Fu attended Cambridge University, a traditional recruiting ground for Britain’s intelligence agencies, and first met Qin more than a decade ago when he was posted to the Chinese embassy in London. 

In 2016, Churchill College, Fu’s alma mater at Cambridge, named a garden after her in gratitude for her “very rare … series of generous gifts,” reportedly adding up to at least £250,000, an enormous sum for most journalists.

Before the Foreign Minister disappeared, Fu all but named Qin as the father of her child on social media. 

Then, in April, she flew back to Beijing on what appears to have been a government-chartered private jet and has not been heard from since.

China’s propaganda system is strongly hinting that the affair and illegitimate American child are the reasons for Qin’s purge. 

Rocket men

According to several people with access to top officials, the real reason for his abrupt disappearance was Qin’s involvement in a much more serious scandal, involving the Defense Minister and the generals who commanded China’s “rocket force”, which oversees the country’s nuclear weapons program.

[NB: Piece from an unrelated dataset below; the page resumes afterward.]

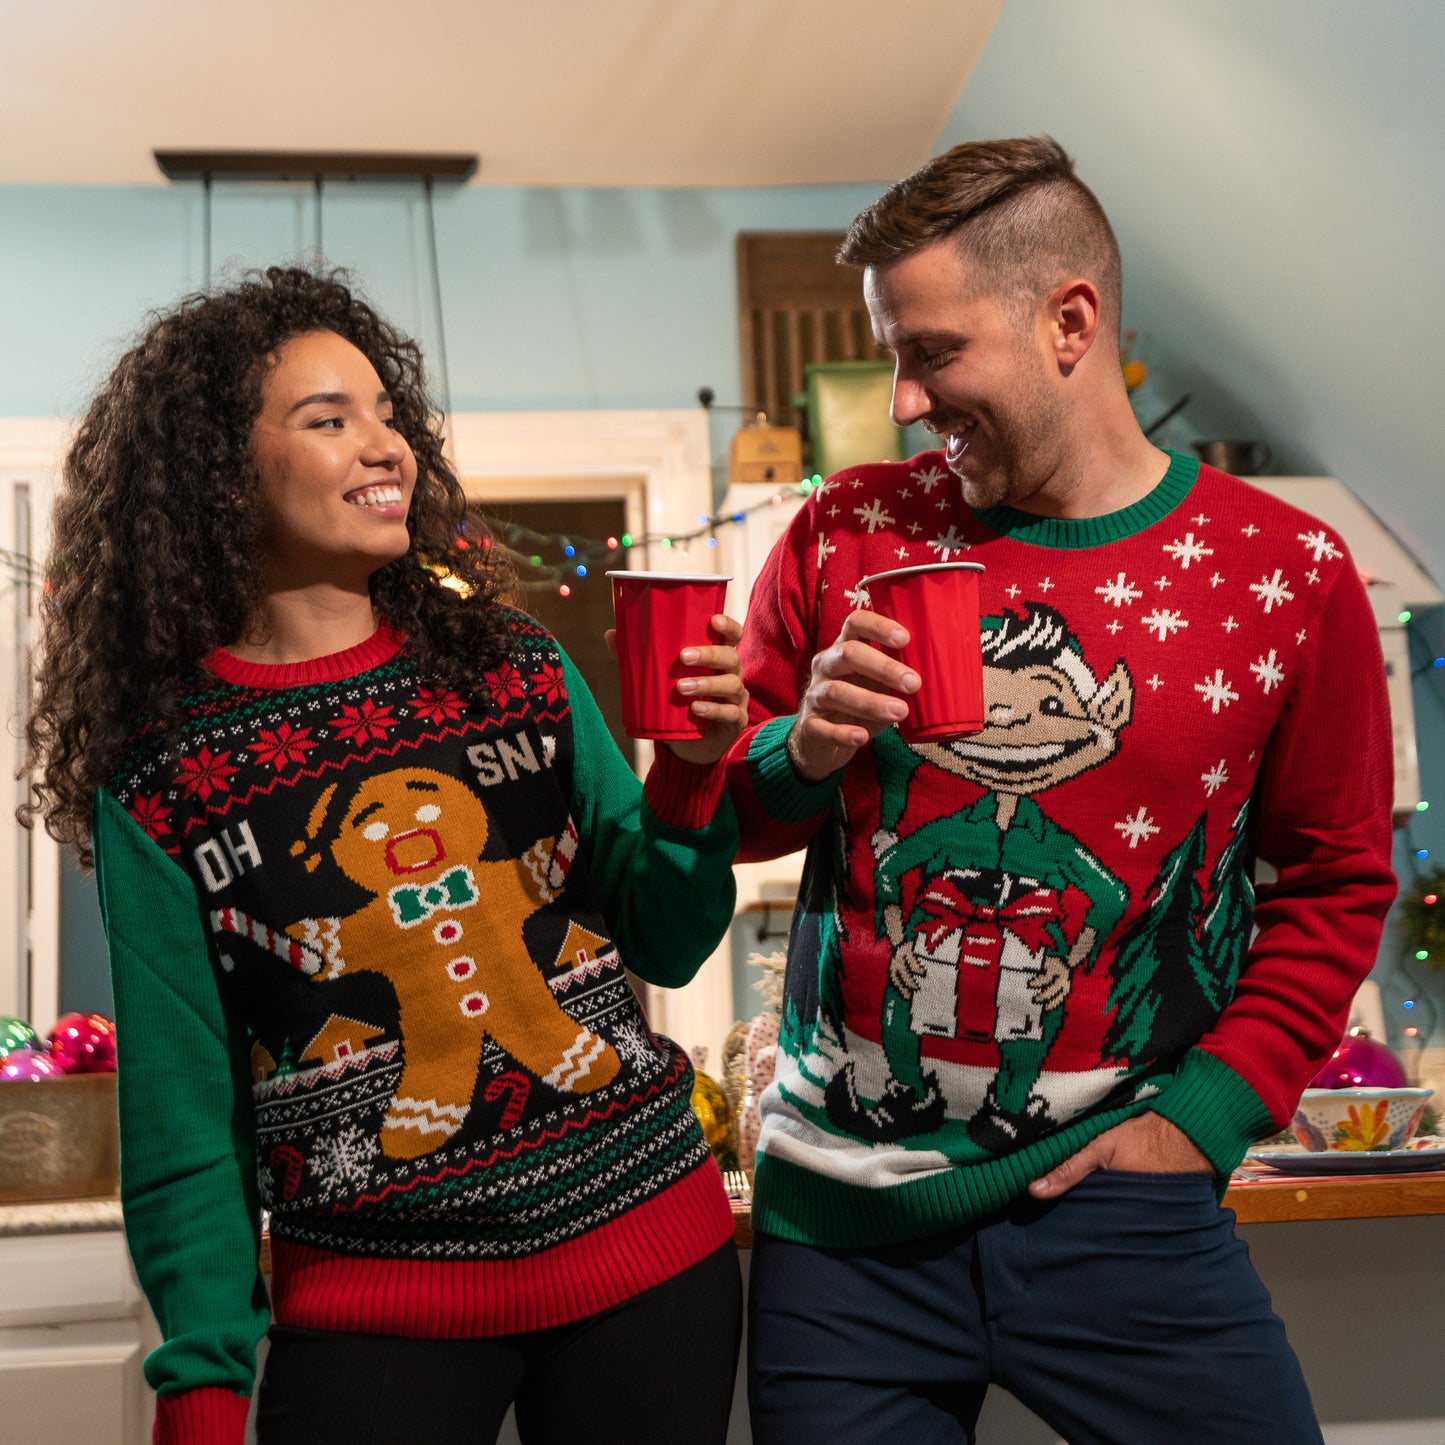 Elf Naughty Gift Box Ugly Christmas Sweater Unisex

At almost the same time Qin went missing, the top Commander of the rocket force, Li Yuchao, along with his deputy Liu Guangbin and former deputy Zhang Zhenzhong, all also disappeared.

Several other senior serving and former officers from the force were likewise detained and at least one former deputy commander died of unspecified illness, according to state media reports.

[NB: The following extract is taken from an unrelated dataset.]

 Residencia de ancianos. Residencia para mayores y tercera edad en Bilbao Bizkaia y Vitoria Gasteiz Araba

The missing commanders were eventually formally fired and replaced by officers from the navy and airforce, a very rare development since top commanders of the rocket force have almost always been promoted from within the service.

Not long after the rocket force purge was officially acknowledged, Li Shangfu, the man Xi picked as China’s Defense Minister in March this year, also vanished. His formal dismissal was announced in late October.

Further adding to the intrigue was a terse state media report on the day before Qin was formally removed as Foreign Minister in July. It said Wang Shaojun, commander since 2015 of the Central Guard unit that protects China’s top leaders and oversees Chairman Xi’s personal bodyguard, had died three months earlier due to “ineffective medical treatment”. 

China’s nuclear weapons program has massively expanded in recent years and, according to people with access to top Chinese officials, Russian deputy minister Rudenko’s message to Xi included allegations that Qin and relatives of top rocket force officers had helped pass Chinese nuclear secrets to western intelligence agencies.

Two of these people claim that Qin died, either from suicide or torture, in late July in the military hospital in Beijing that treats China’s top leaders.

Hostile forces

Given the opacity of the Chinese system, it is impossible to confirm these accounts definitively and the Chinese government does not comment on the inner workings of the Communist Party. 

Senior western intelligence officials declined to comment or discuss the matter when asked about the purges in China.  

But the sensational nature of the claims themselves make clear the feverish paranoia permeating Beijing.

Whether by accident or design, that mood was exacerbated over the summer when Director of the U.S. Central Intelligence Agency Bill Burns said the CIA had “made progress” rebuilding its network within China and had a “strong human intelligence capability” in the country.

That paranoia extends into all parts of the bureaucracy and economy and seems to have tarnished anyone seen as too westernized or too close to “hostile western forces”.

One senior Chinese finance official who speaks fluent English and is a regular fixture on the international conference circuit told POLITICO by email that he could no longer attend an upcoming event outside China and was unable to speak on the phone.

He joins dozens of senior finance officials who have been removed in recent months, often after being accused of corruption.

An associate of this official said he was currently being investigated for being “too close to America” and “possibly a spy”. 

This seems to be the inevitable fate of anyone who engages too eagerly with foreigners and should serve as a warning to those who still believe China is open for business with the West.